後來秦老師調到廣西大學去了。我在灕江出版社工作的時候,出版了《秦似文集》,那天正逢他來社裡看清樣,他一下車,我迎上去,怕他記不得我了,便說,秦老師,我是你的學生哦。他瞟了我一眼,把手在半空中一揮,朗聲說道:“你當然是我的學生啊!”那十足的霸氣,令在場的人都笑。

當然,上課的精彩生動,並非對老師的唯一要求,關鍵還是教案有沒有水平。據季羨林教授回憶,在課堂上照本宣科的名牌大學的名牌教授竟然不在少數。抗戰時西南聯大集中了清華、北大、南開三所名校的名教授,有的教授上課,從進教室就開始一字不漏地念他的教案,直唸到下課鈴響,唸到哪句算哪句,下節課,接著念。有一次一位老教授忘了他最後一句唸了什麼,便問,同學們,我上節課說的最後一句是什麼?一位女同學記性好,站起來答:“老師,你上節課最後一句是,警報響了,同學們趕快去躲飛機。”引得鬨堂大笑。

那時的教授最用心也最見功夫的是編教案,他照念,你照聽,你就有收穫。他也不太在乎你聽還是不聽,你不聽,考試失手,你就怪不得我。

彭匈看世相:有水平的老師是怎樣講課的?

講座對於開講的人,那可是一個絕大考驗。可以說,假若聽眾能夠不打哈欠不瞌睡,就算你走了運;若聽眾能隨著講者的喜怒哀樂作出相應的反應,就是了不起的成功;事後若還能回味一點什麼,還能記起其中一些哲言警句,那簡直是可遇不可求的了。無數事實證明,現場效果與教授的名頭、學問的高低、官員的大小、大腕的名氣,不一定成正比例的。就算你滿腹經綸著作等身,就算你級別不低前呼後擁,可是到了這種場合,你一肚子的料,或如茶壺裡煮雲呑有貨倒不出,或者舉的例子云裡霧裡不接地氣,或者廢話連篇離題萬里,或者講的內容非你所長,外行聽起來你是內行,內行聽起來你又是外行……最多二十分鐘,聽眾判斷出你是“關公賣豆腐——人硬貨軟”,場面就要躁動。這時,你原來那些名頭,起到的是反作用。慕名渴見,不過爾爾,乘興而來,敗興而歸。

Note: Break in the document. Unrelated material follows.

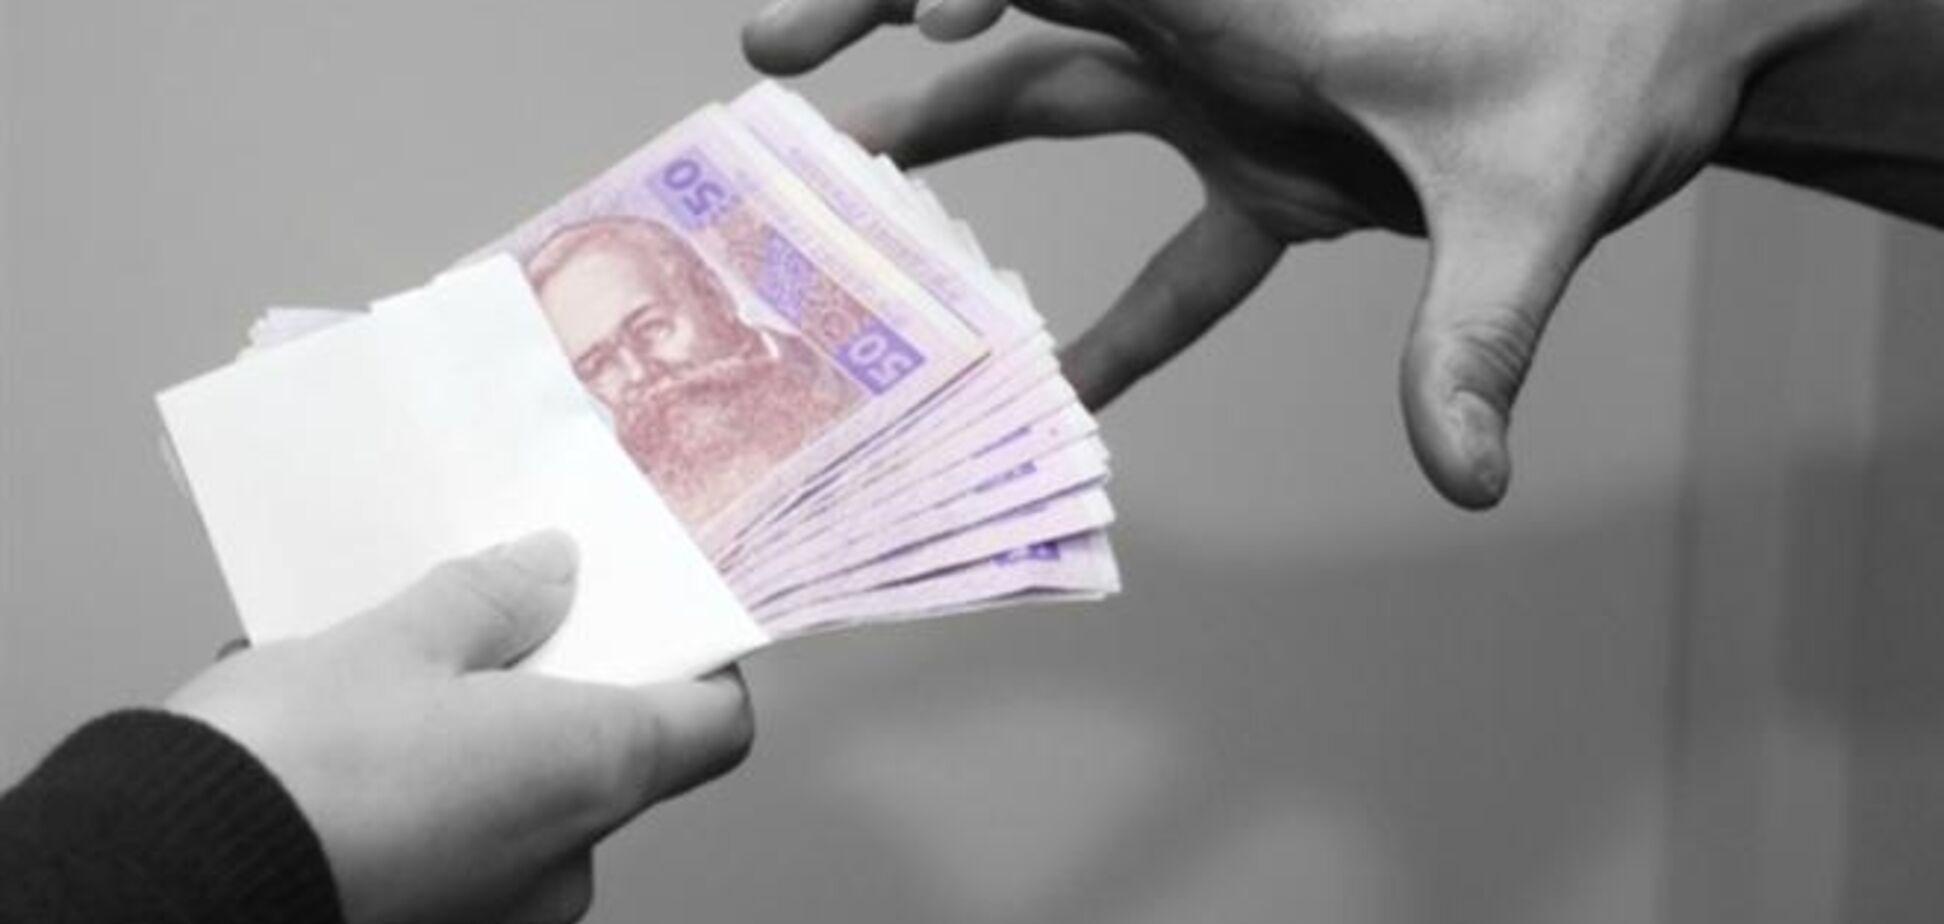 Замначальника налоговой в Донбассе попался на взятке в 60 тыс. грн
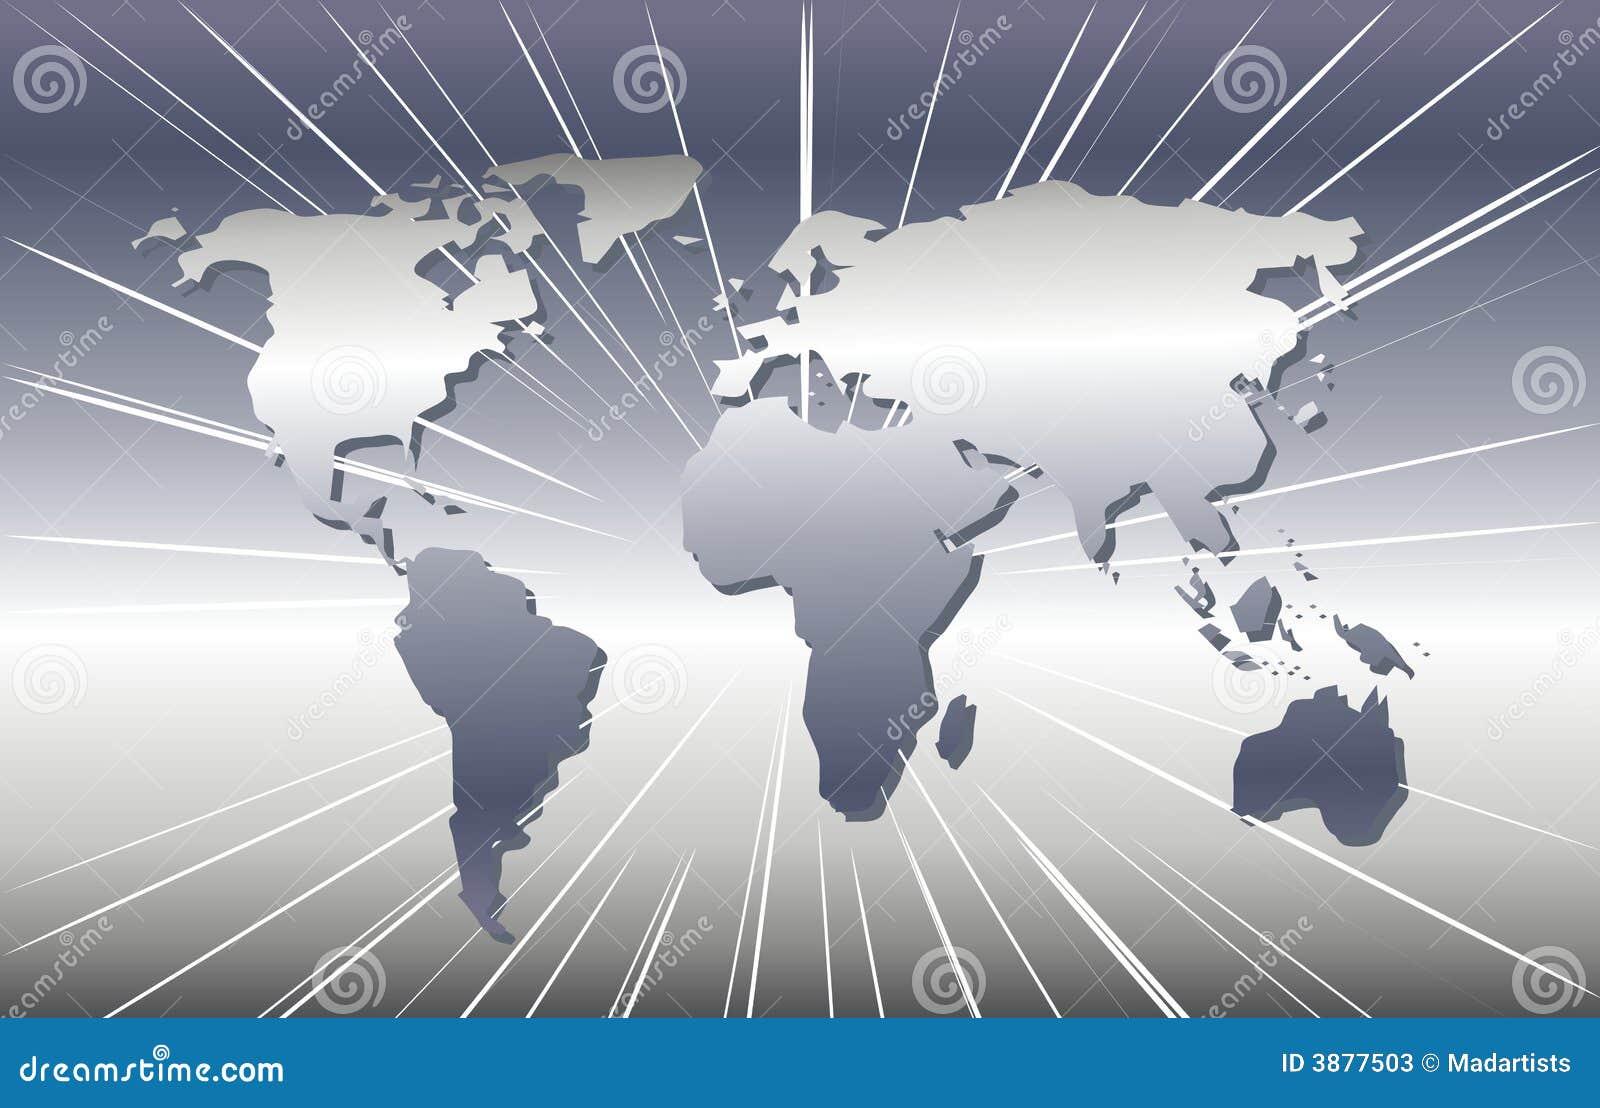 Programma del mondo in argento

一個單位裡負責講座組織工作的朋友向我訴苦,說他幹這個活純粹是豬八戒照鏡子,裡外不是人。領導批評他維持秩序既無良法又沒有盡到責任,害得從名牌大學請來的大教授出盡洋相,不僅場面嘈雜,而且最後沒剩幾個人。他一咬牙,想出一套絕辦法,會場安裝監控錄相,另外,有離席接聽電話或者上廁所者,必須簽名,回來得銷號。

唉,這樣的講座,費了時間,傷了感情,不搞也罷。

2018說幹就幹,幹就幹好!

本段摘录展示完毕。